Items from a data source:

··········

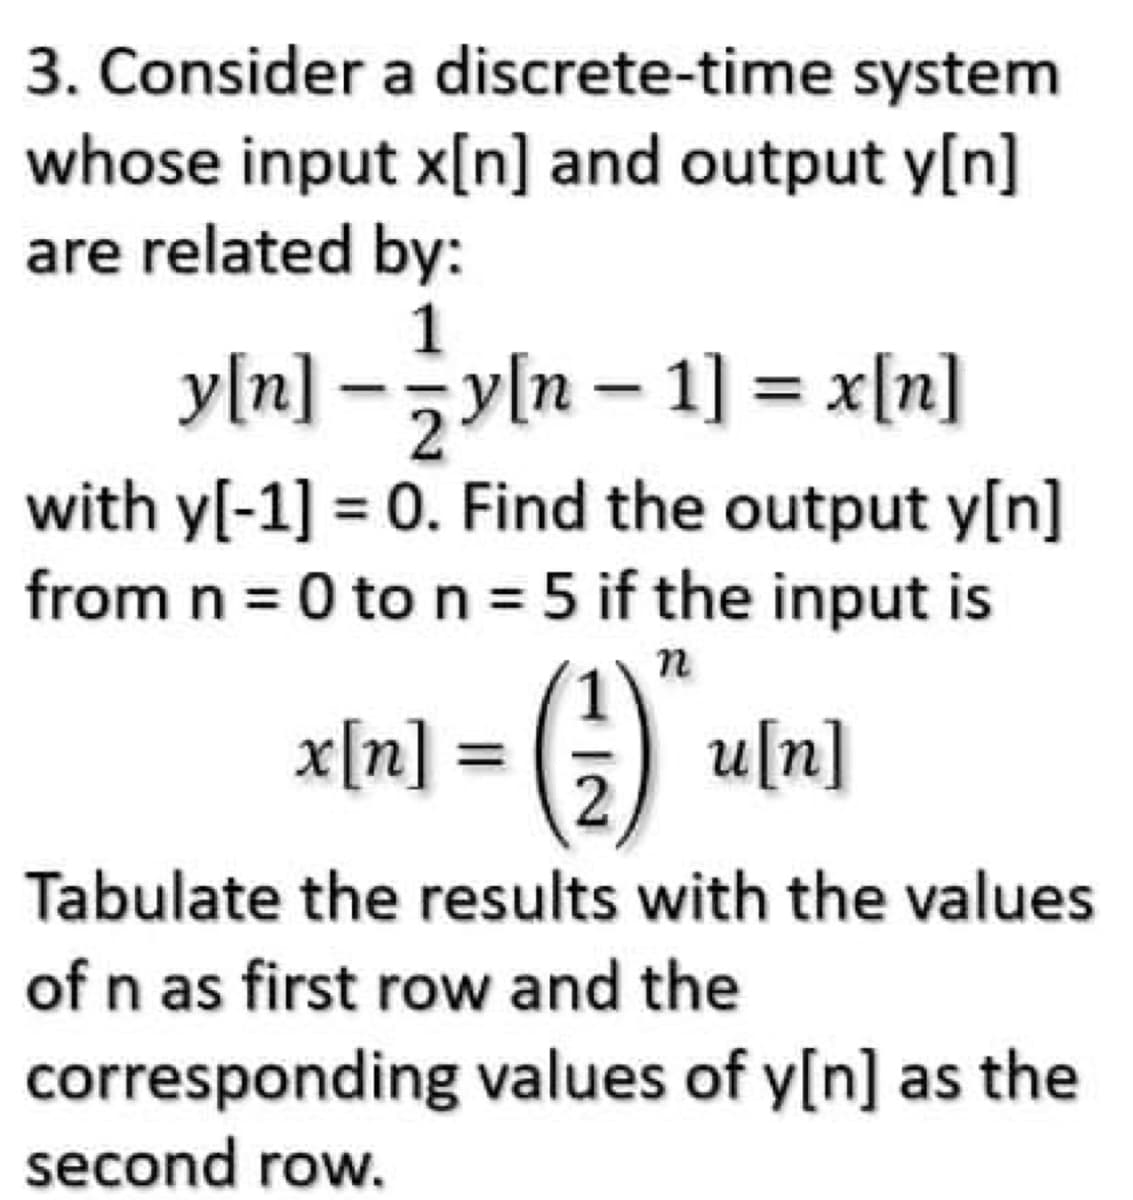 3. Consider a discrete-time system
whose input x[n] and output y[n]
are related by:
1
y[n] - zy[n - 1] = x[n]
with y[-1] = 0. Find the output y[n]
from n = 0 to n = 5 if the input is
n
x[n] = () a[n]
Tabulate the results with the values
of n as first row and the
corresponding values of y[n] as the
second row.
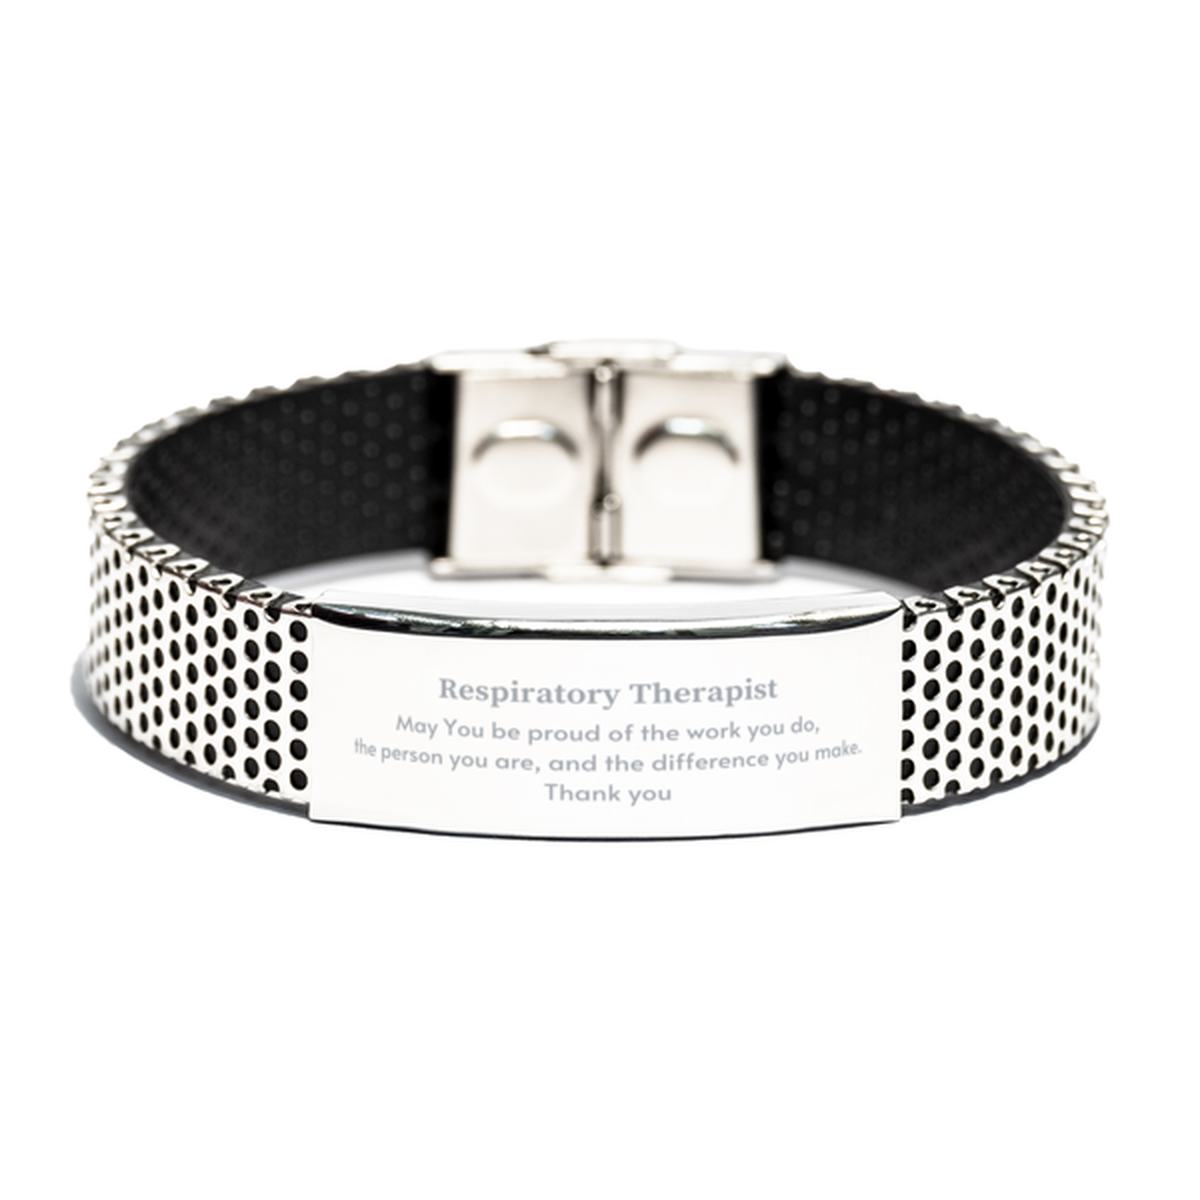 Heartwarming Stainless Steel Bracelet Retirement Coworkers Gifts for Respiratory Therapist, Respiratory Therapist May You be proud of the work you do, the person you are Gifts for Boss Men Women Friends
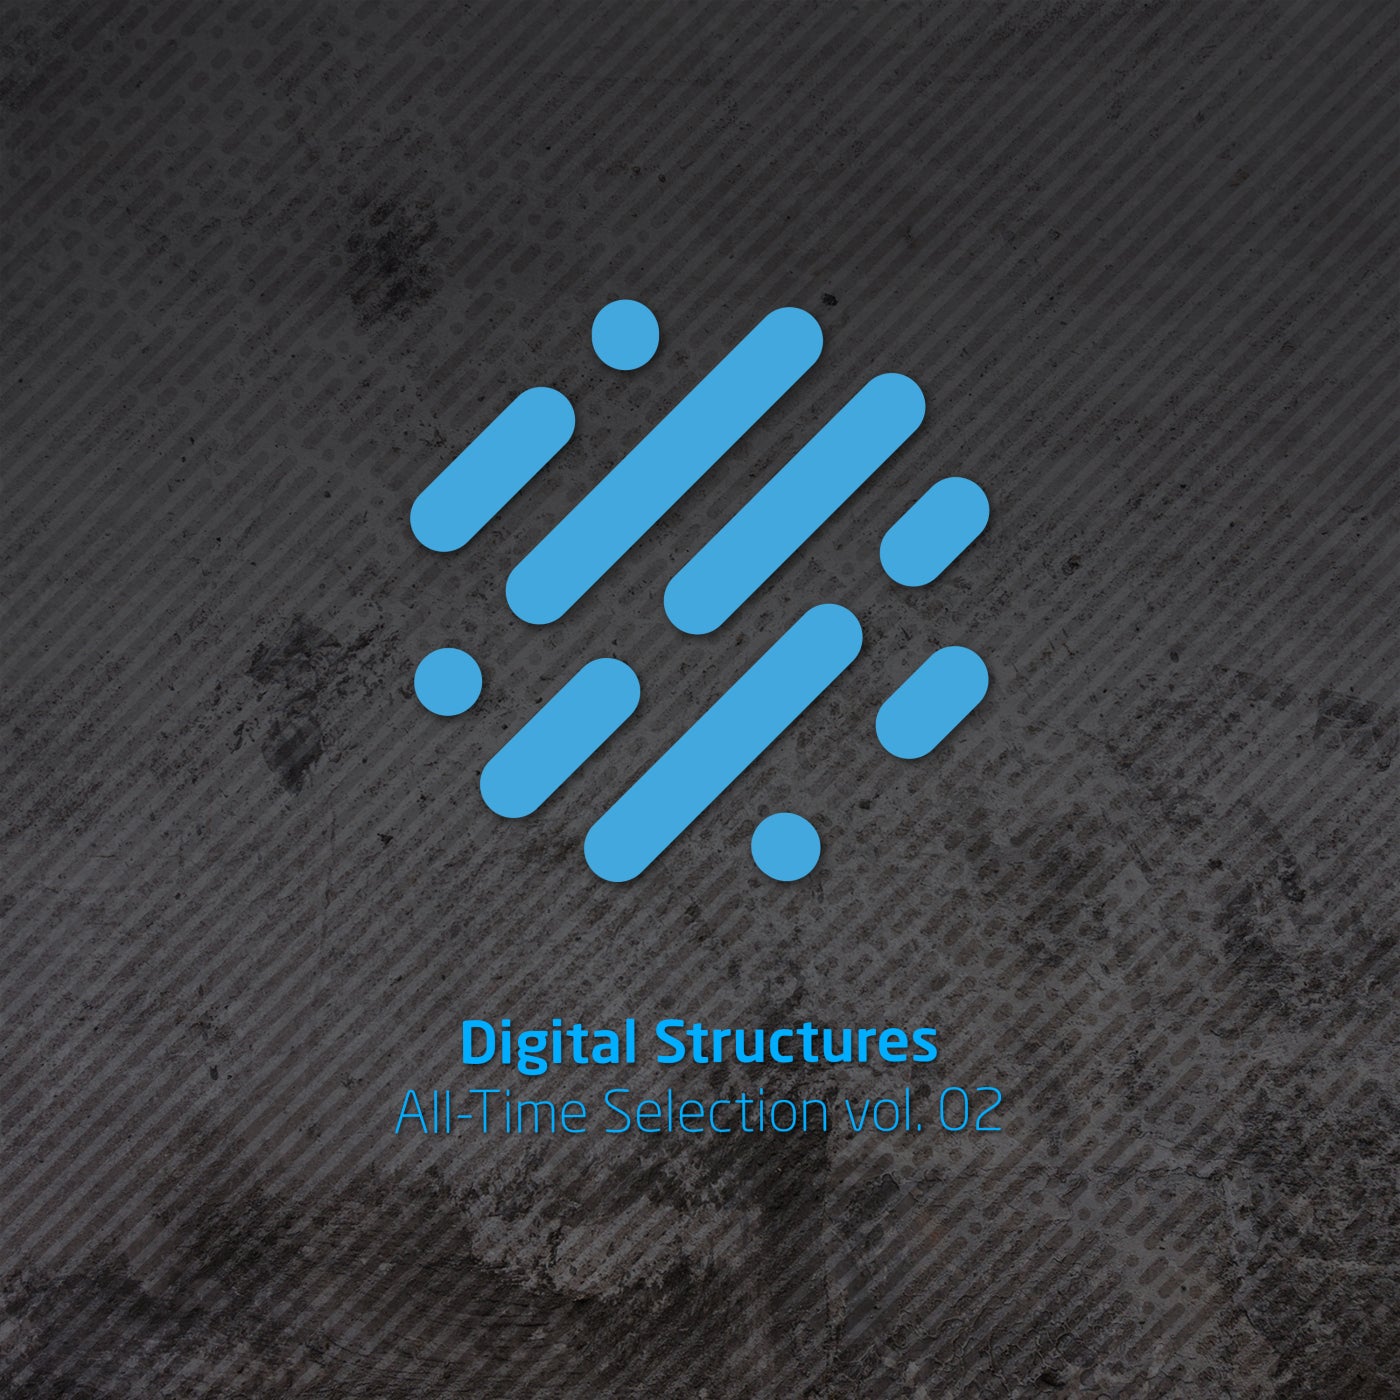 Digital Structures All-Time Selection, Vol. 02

··········

Write out exactly, and only, the lines running from the line with "Tabulate the results with the values" to the last line above, both included, with all pictures omitted.

== Expected output ==
Tabulate the results with the values
of n as first row and the
corresponding values of y[n] as the
second row.
 Heartwarming Stainless Steel Bracelet Retirement Coworkers Gifts for Respiratory Therapist, Respiratory Therapist May You be proud of the work you do, the person you are Gifts for Boss Men Women Friends
 Digital Structures All-Time Selection, Vol. 02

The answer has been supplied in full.